Mientras el detective y la policía seguían su rastro, Nathalya padecía el infierno a manos de Ángel, quien la mantenía encerrada en una habitación de su lujosa casa. Él la vigilaba día y noche, insistente, presionándola con esa enferma mezcla de dominio y obsesión que lo caracterizaba. Había obtenido de muchas mujeres lo que quería, siempre por la fuerza o por manipulación, pero esta vez su mente delirante necesitaba algo distinto:
que ella lo aceptara voluntariamente.
Ese capricho lo estaba cegando.
Su ego le exigía verla rendida a sus pies, dependiente de él, temblando por él. Quería convertirse en el centro de su mundo, como si toda su violencia pudiera transformarse mágicamente en devoción.
Pero no comprendía algo evidente:
todo el daño que ya le había provocado, las heridas viejas y recientes, el terror sembrado en su vida… eran suficientes para impedir que Nathalya siquiera lo mirara sin estremecerse. Su obsesión lo llevaba a luchar una partida perdida desde el inicio, aunque su orgullo le impidiera aceptarlo.
Nathalya temía que Ángel volviera a tocarla.
La simple idea de estar cerca de él la asqueaba hasta lo más profundo; sabía que jamás podría entregarse voluntariamente a su agresor. Pero Ángel, enceguecido por su obsesión, había decidido mantenerla encerrada hasta doblegarla, convencido de que su voluntad tarde o temprano cedería.
Ella, sin embargo, no era ingenua. Entendía perfectamente que debía fingir cierta docilidad si quería, al menos, salir de aquella habitación y conocer el resto de la casa.
La única libertad posible comenzaba por aparentar.
Una sirvienta entraba dos veces al día con comida y agua que Nathalya rechazaba con firmeza; prefería morir antes que convertirse en la mujer de Ángel. Su resistencia silenciosa era lo único que todavía le pertenecía.

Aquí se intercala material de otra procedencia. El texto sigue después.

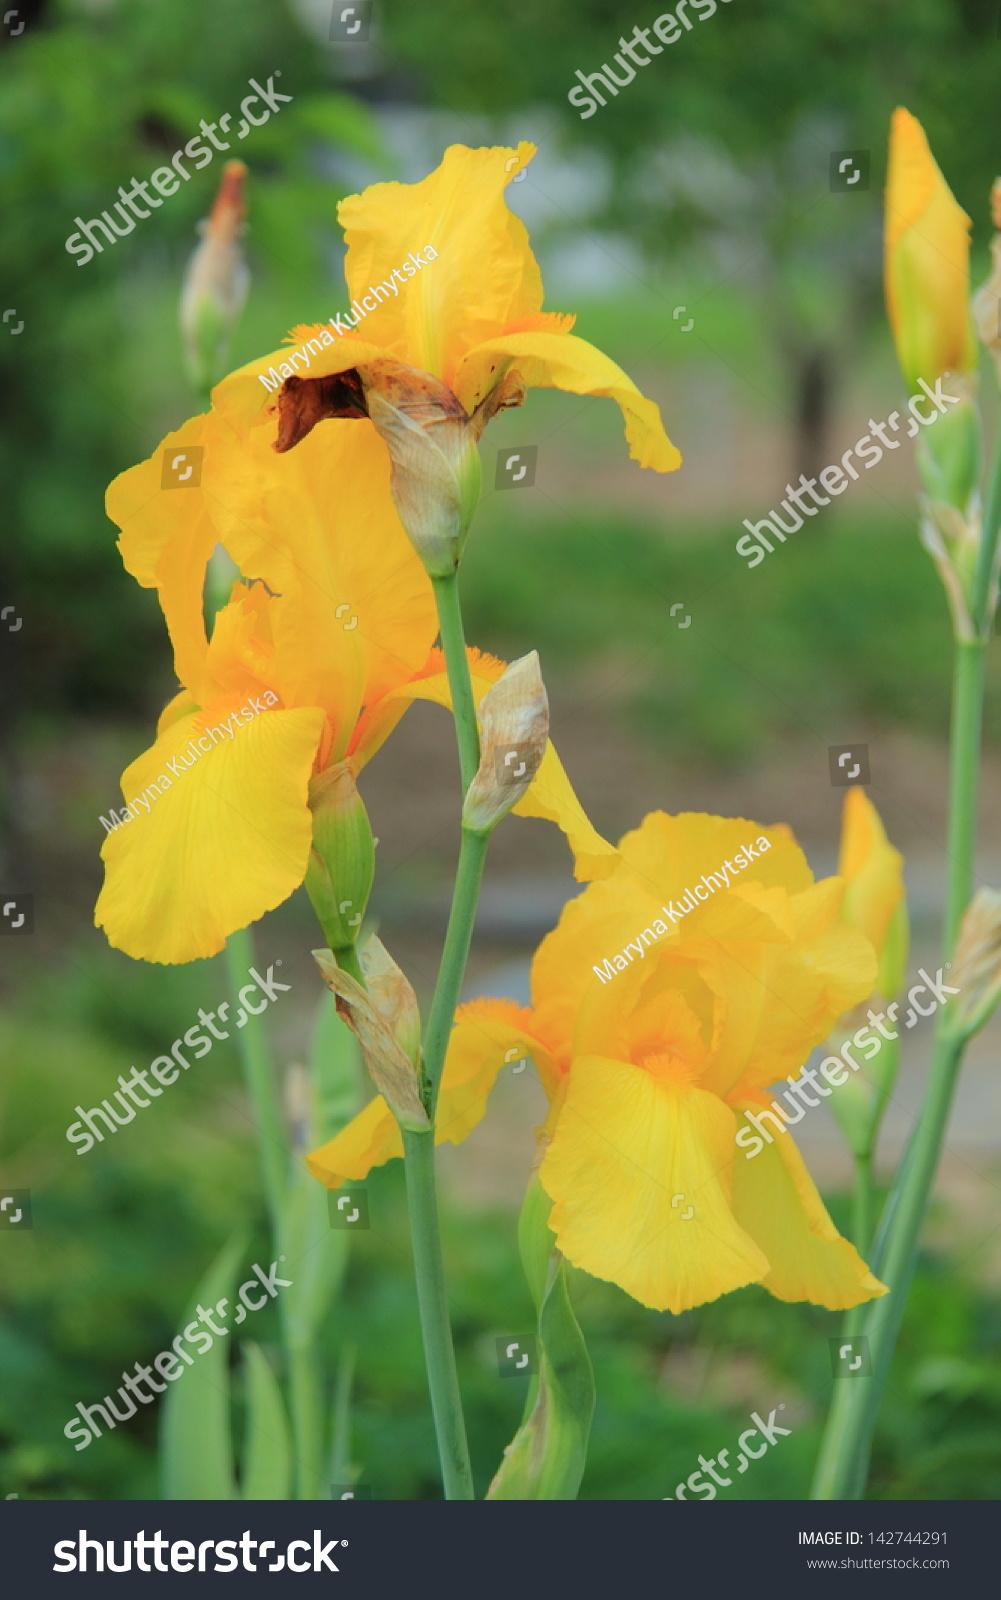 Iris flower blossoming in a spring garden ez canvas id 142744291 izmirmasajfo
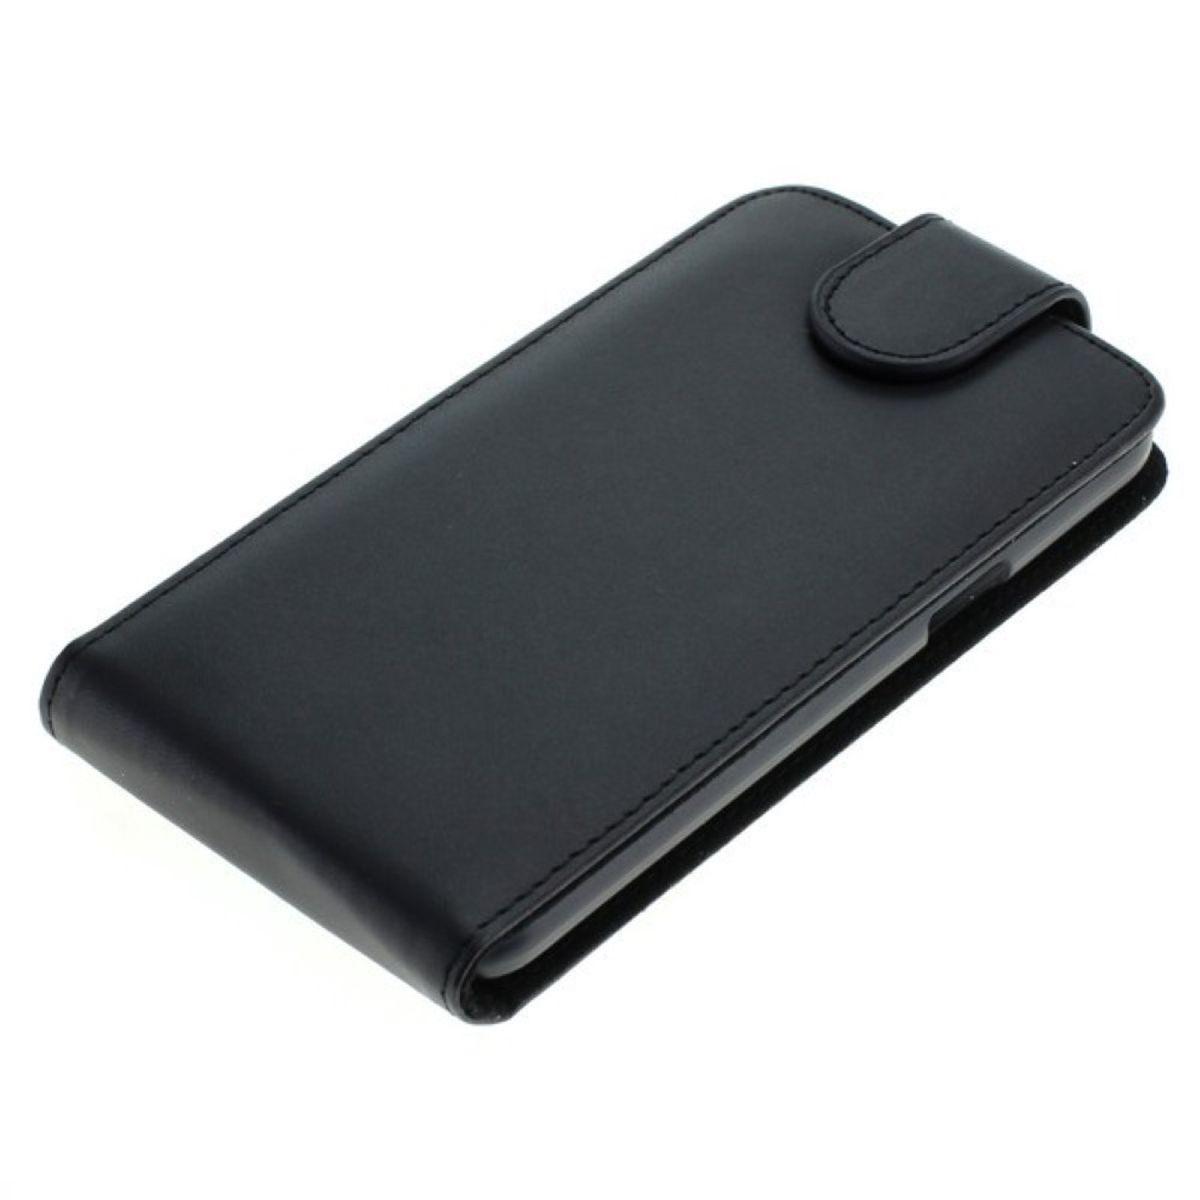 OTB Tasche (Kunstleder) für Samsung Galaxy J5 SM-J500F Flipcase schwarz

Mientras tanto, guardias se relevaban constantemente frente a la puerta, vigilándola a todas horas para impedir que hablara con alguno, que estableciera la mínima conexión humana capaz de inspirarle ayuda… o libertad.
Por otro lado, don Emmanuel tenía a la policía completamente movilizada, aferrado a la esperanza de que alguna pista, por mínima que fuera, los llevara al paradero de su hija. Cada llamada, cada informe y cada movimiento de los agentes lo mantenían en vilo, como si su propio corazón dependiera de que alguien, en algún punto de la ciudad, diera con el hilo correcto que empezara a desentrañar aquel infierno.
Natasha tampoco estaba bien. Extrañaba tanto a Max que su alma parecía haberse quedado suspendida en ese instante en que él cerró la puerta detrás de sí. No encontraba la manera de recomponerse; el permiso temporal que le habían otorgado en el trabajo estaba por terminar y ella seguía sumida en un estado que no lograba dominar, al borde de perderlo todo. Desde aquel día, no había recibido ni una llamada, ni un mensaje, ni una señal mínima de vida por parte de él. Ese silencio, tan frío y tan prolongado, la estaba destrozando.
Lo peor era enfrentar las preguntas de su hijo, cargadas de una inocencia que la desarmaba por completo.
—Mami, ¿dónde está papá Max?
—Tuvo que salir por trabajo, mi amor —respondió con una sonrisa forzada que apenas lograba sostenerse.
—¿Cuándo va a regresar?
—No lo sé, hijo… pero él te llamará pronto.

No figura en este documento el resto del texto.